BioCause Corpus
Background
Biomedical corpora annotated with event-level information represent an important resource for domain-specific information extraction (IE) systems. However, bio-event annotation alone cannot cater for all the needs of biologists. Unlike work on relation and event extraction, most of which focusses on specific events and named entities, we aim to build a comprehensive resource, covering all statements of causal association present in discourse. Causality lies at the heart of biomedical knowledge, such as diagnosis, pathology or systems biology, and, thus, automatic causality recognition can greatly reduce the human workload by suggesting possible causal connections and aiding in the curation of pathway models. A biomedical text corpus annotated with such relations is, hence, crucial for developing and evaluating biomedical text mining.
BioCause annotation scheme
We have defined an annotation scheme that aims to enrich events in the ID event corpus (as well as other corpora annotated with biomedical events) with causality relations. This schema has subsequently been used to annotate 851 causal relations to form BioCause, a collection of open-access full-text biomedical journal articles belonging to the subdomain of infectious diseases. These documents have been pre-annotated with named entity and event information in the context of a previous shared task, BioNLP 2011 ST ID.
The BioNLP 2011 ST ID corpus consists of 19 full-text documents that have been manually annotated with biomedical entities and events. The annotations provide classified, structured representations of relationships between biomedical terms, and as such, the corpus consitututes a valuable resource for the training of IE systems.
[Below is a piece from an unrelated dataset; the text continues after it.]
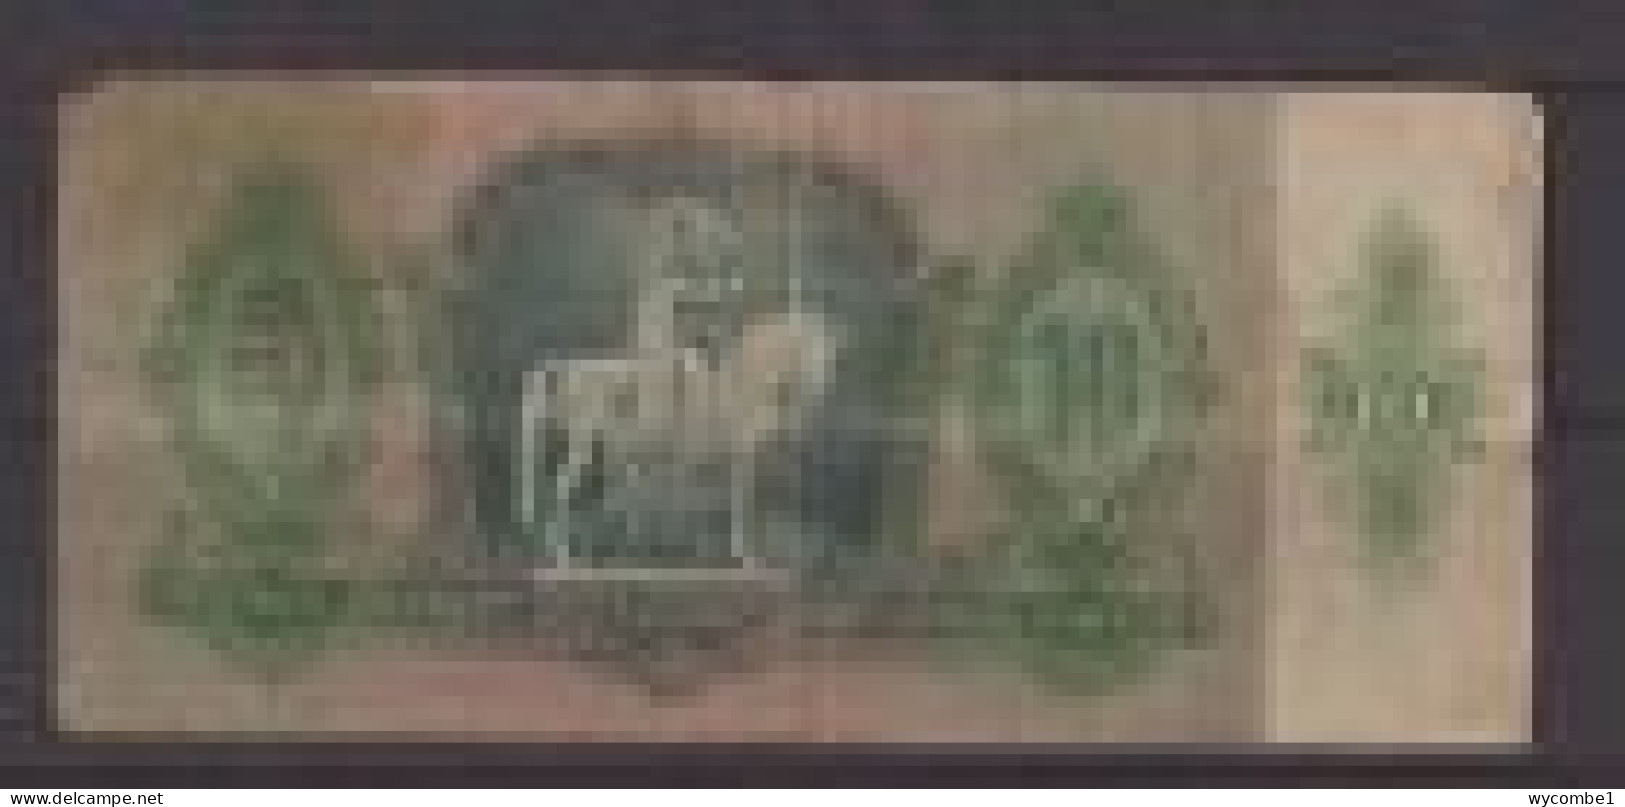 HUNGARY - 1936 10 Pengo Circulated Banknote - Hongrie

The original version of the ID corpus concentrated on the following:
- Identification of the event trigger (the word or phrase around which the event is organised)
- Assignment of the event type
- Identification of the event participants, usually:
- THEME: the entity or event affected by the current event
- CAUSE: the entity or event that causes the current event to occur
On top of these events, we have added causality annotations. The annotation structure is similar to that of an event:
- Identification of the causal trigger (the word or phrase around which the relation is organised). This can be an empty trigger too, case in which a zero-length span is placed in between the arguments.
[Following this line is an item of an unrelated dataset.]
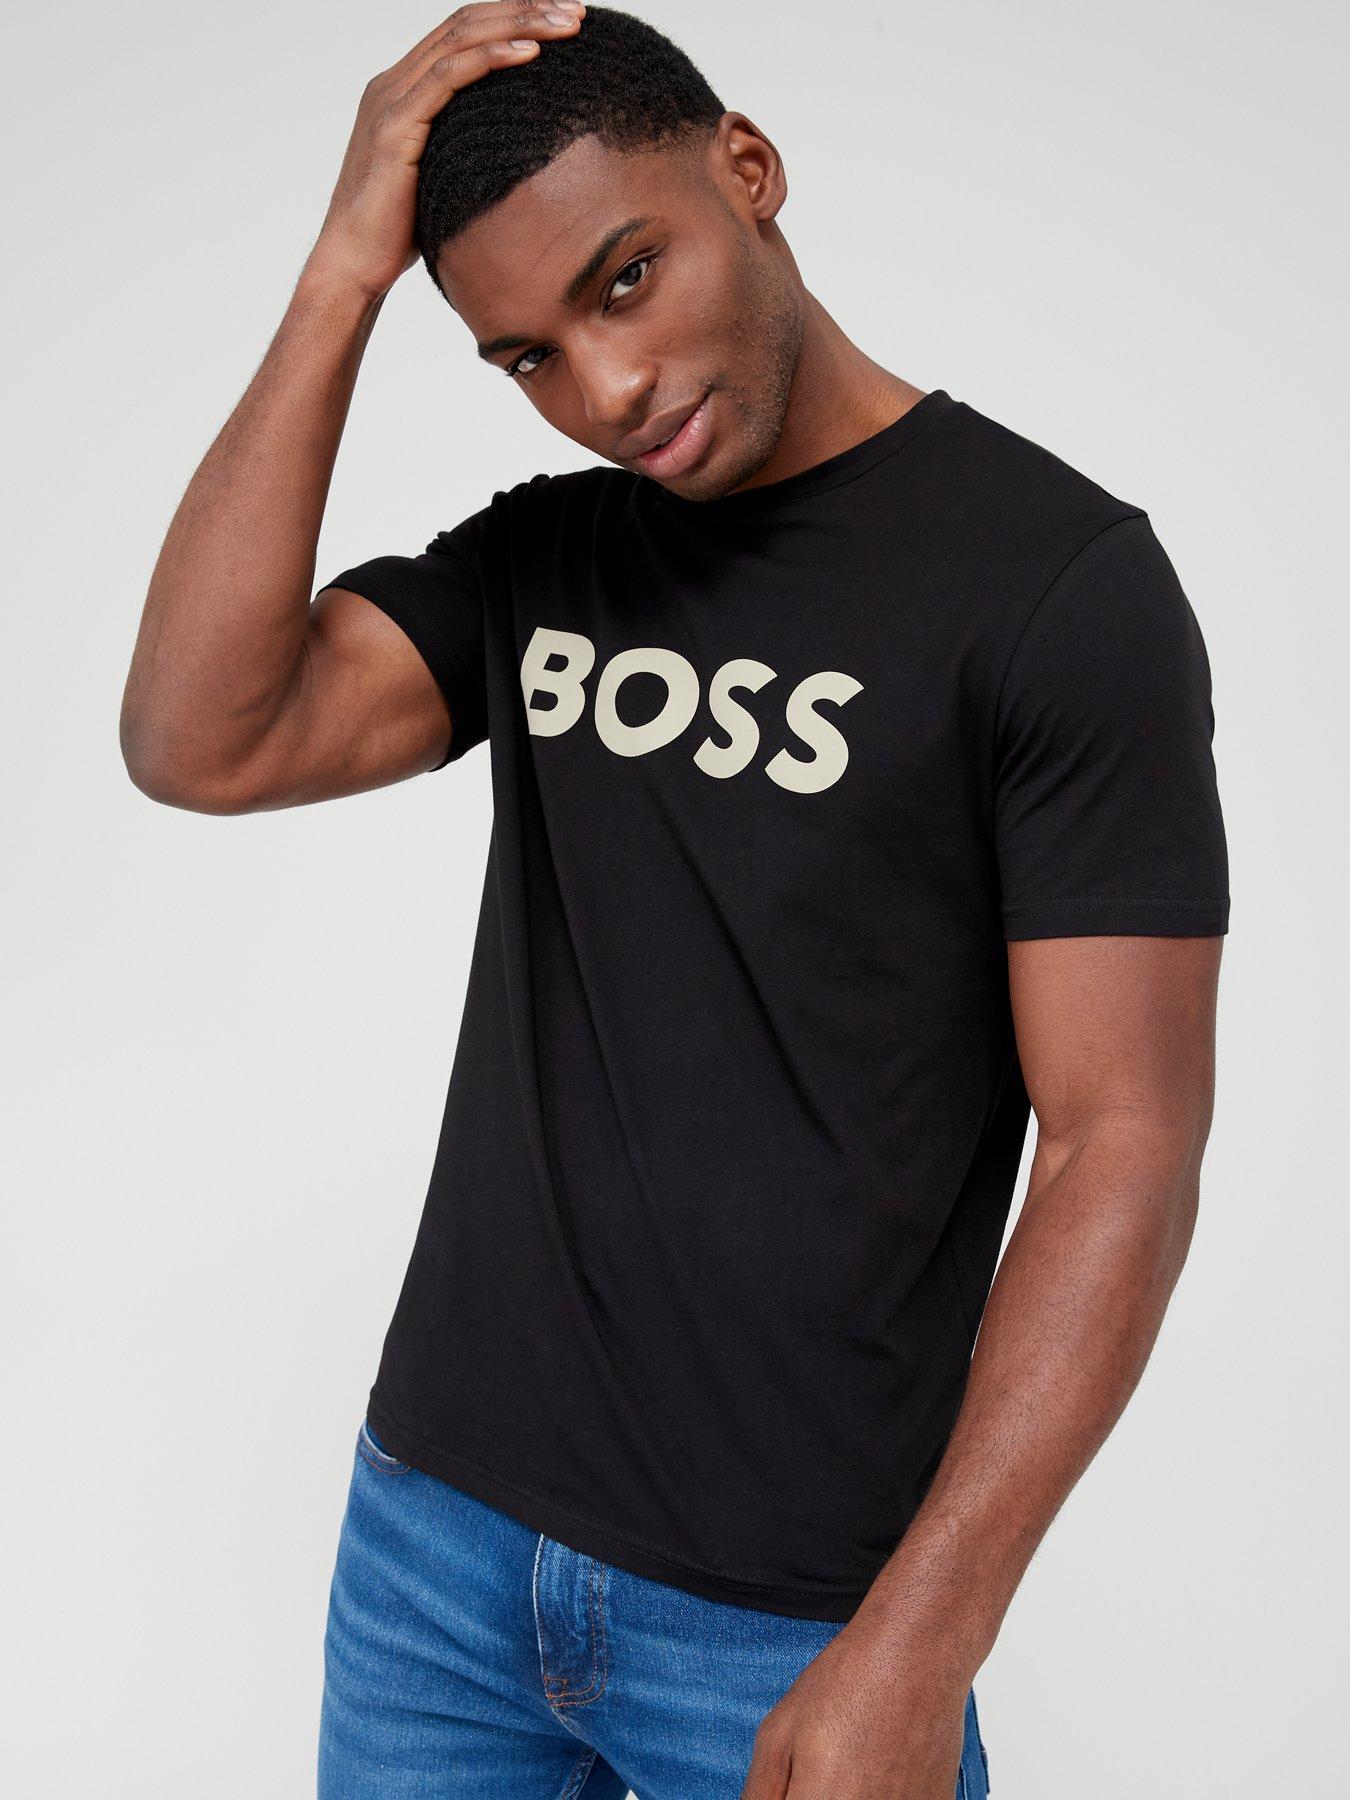 T-Shirts Hugo Boss Herren XL T-Shirts HUGO BOSS 4 braun Herren Kleidung Hugo Boss Herren T-Shirts & Polos Hugo Boss Herren T-Shirts Hugo Boss Herren

- Identification of the relation arguments, usually:
- CAUSE: the span of text describing the situation that causes the current event to occur
- EFECT: the span of text describing the situation occurring because of the current event
The complete version of the ID corpus enriched with causality annotation is available for download. NOTE: Please observe the terms of the BioCause corpus licence when downloading the corpus.
BioCause corpus licence
1. Copyright of abstracts
Any abstracts contained in this corpus are from PubMed(R), a database of the U.S. National Library of Medicine (NLM).
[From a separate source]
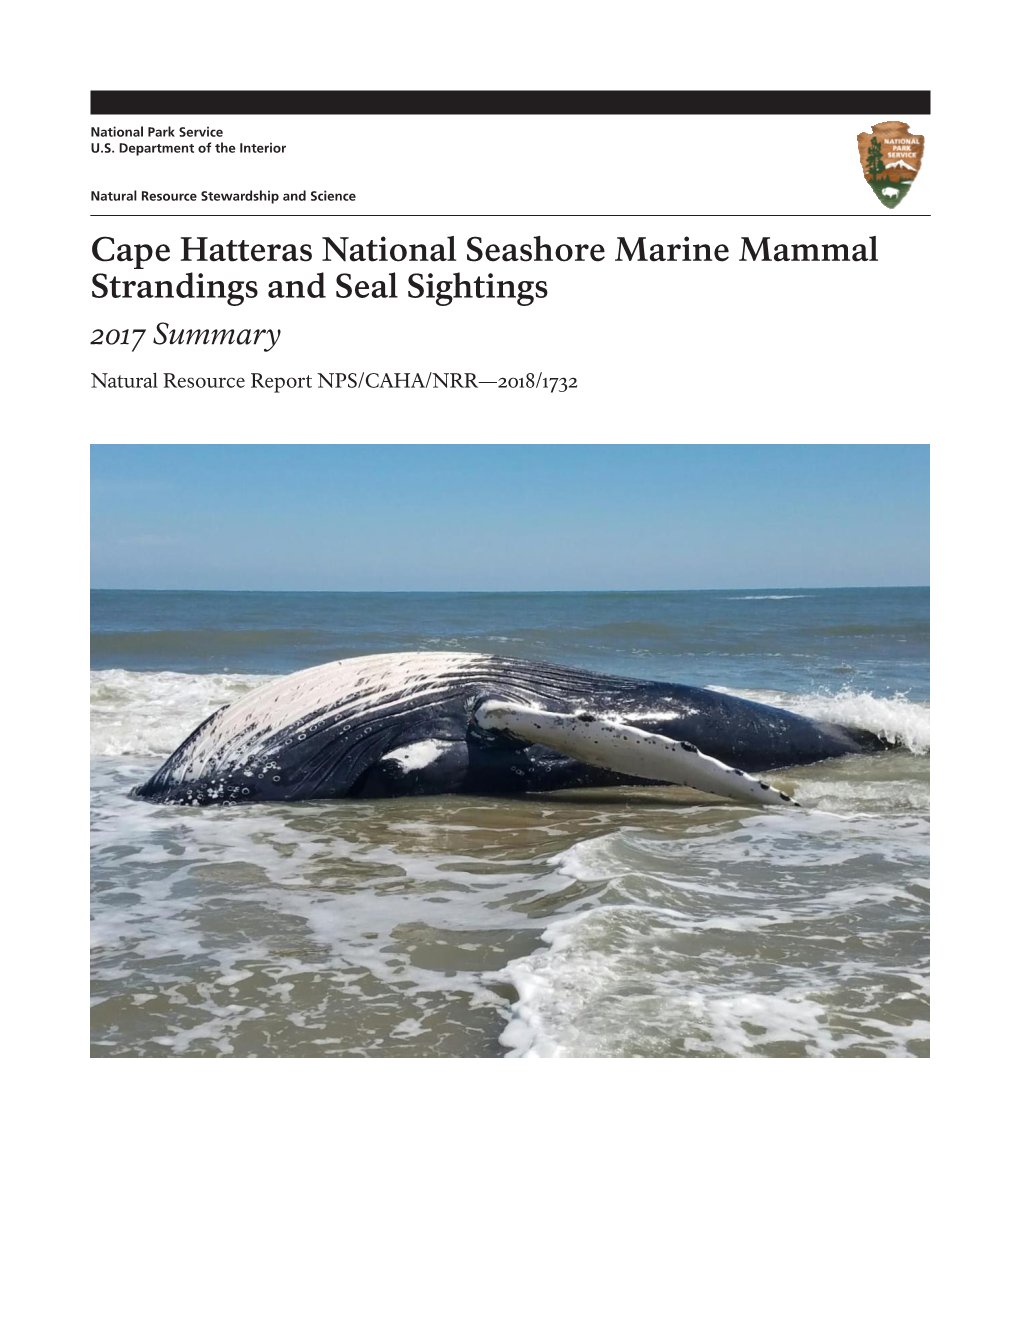 Cape Hatteras National Seashore Marine Mammal Strandings and Seal Sightings 2017 Summary

NLM data are produced by a U.S. Government agency and include works of the United States Government that are not protected by U.S. copyright law but may be protected by non-US copyright law, as well as abstracts originating from publications that may be protected by U.S. copyright law.
NLM assumes no responsibility or liability associated with use of copyrighted material, including transmitting, reproducing, redistributing, or making commercial use of the data. NLM does not provide legal advice regarding copyright, fair use, or other aspects of intellectual property rights. Persons contemplating any type of transmission or reproduction of copyrighted material such as abstracts are advised to consult legal counsel.
2. Copyright of full texts
Any full texts contained in this corpus are from the PMC Open Access Subset of PubMed Central (PMC), the U.S. National Institutes of Health (NIH) free digital archive of biomedical and life sciences journal literature.
Articles in the PMC Open Access Subset are protected by copyright, but are made available under a Creative Commons or similar license that generally allows more liberal redistribution and reuse than a traditional copyrighted work. Please refer to the license of each article for specific license terms.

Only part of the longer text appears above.